May 28 (Bloomberg) -- OAO Sberbank, Russia’s largest bank, may report a decline in first-quarter profit as slowing economic growth curbs demand for credit and drives up loan provisions.
Net income probably fell 8 percent to 84.8 billion rubles ($2.7 billion) from 92.2 billion rubles a year earlier, based on the average estimate of eight analysts surveyed by Bloomberg. Net interest margin, a gauge of the profitability of lending, may have shrunk by as much as 6 percent, BCS Financial Group said.
“Sberbank is at risk of underperforming against its own guidance and we could see a pronounced drag in earnings, especially in the next two quarters,” Ivan Kachkovski, a banking analyst at Aton Capital in Moscow, said by phone. “We see a trend for falling net interest margins, slower growth and the rising cost of risk.”
Andrey Kostin, chief executive officer of VTB Group, appealed to policy makers to cut interest rates to help encourage lending amid Russia’s slowest expansion since a 2009 contraction. Lowering the refinancing rate to between 5 percent and 6 percent from 8.25 percent would allow banks to reduce loan costs and make “a big difference for the industry,” Kostin, who heads Russia’s second-largest lender, said in a May 22 interview. Both VTB and Sberbank are majority-owned by the Russian state.
Sberbank shares rose 1.4 percent to 104.40 rubles in Moscow trading. The stock has advanced 12 percent this year. Russia raised about $5 billion in September selling Sberbank shares at 93 rubles apiece.
Sberbank will report first-quarter results tomorrow under International Financial Reporting Standards, after already publishing earnings under Russian accounting rules for the first four months of the year.
Russia’s economy grew 1.6 percent in the first three months of 2013 from a year earlier, decelerating for a fifth consecutive quarter as corporate investment cooled. The central bank, which is resisting calls for monetary easing, kept its main interest rates unchanged in May for an eighth month after Russia became the biggest emerging economy to raise borrowing costs in 2012 with an increase in September.
Sberbank, Europe’s third-largest bank by market capitalization, is cutting rates on some of its deposit accounts by May 31, Kommersant reported on May 22, citing an interview with director Dmitry Oguryaev.
Lending growth at Moscow-based Sberbank started slowing near the end of the first quarter, according to UBS AG analyst Dmitry Vinogradov. “Deposit rate increases in the second half of 2012 and corporate rate cuts in the first quarter are likely to pressurize margins,” he said in a report e-mailed today.
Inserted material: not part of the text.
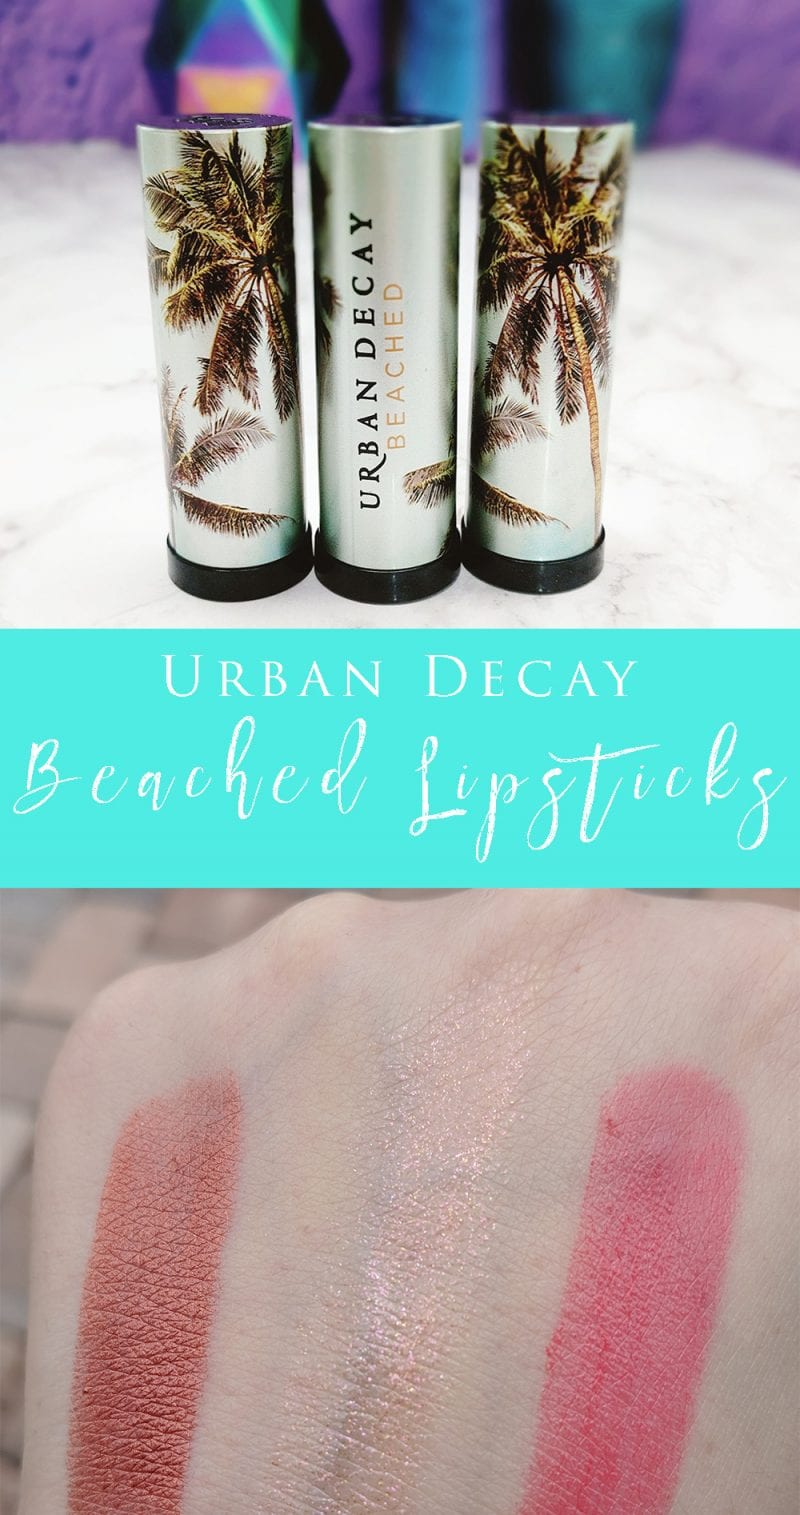 Urban Decay Beached Vice Lipsticks Review and Swatches #urbandecay

The bank said on May 14 its loans to corporate clients in the first four months, under Russian Accounting Standards, declined 0.1 percent. Lending to individuals rose 6 percent.
The lender set aside 37.4 billion rubles in provisions for potential bad loans during the four months, compared with 6.7 billion rubles in the same period last year.
Sberbank’s Tier 1 capital ratio, a measure of financial strength, declined to 10.2 percent from 11.6 percent at the start of the year.
The company agreed in June to acquire Istanbul-based Denizbank AS for $3.5 billion, after agreeing in February of last year to buy most of Vienna-based Oesterreichische Volksbanken AG’s eastern European business for 505 million euros ($662 million). Sberbank consolidated Denizbank, Turkey’s ninth-largest lender by assets, in its accounts in September.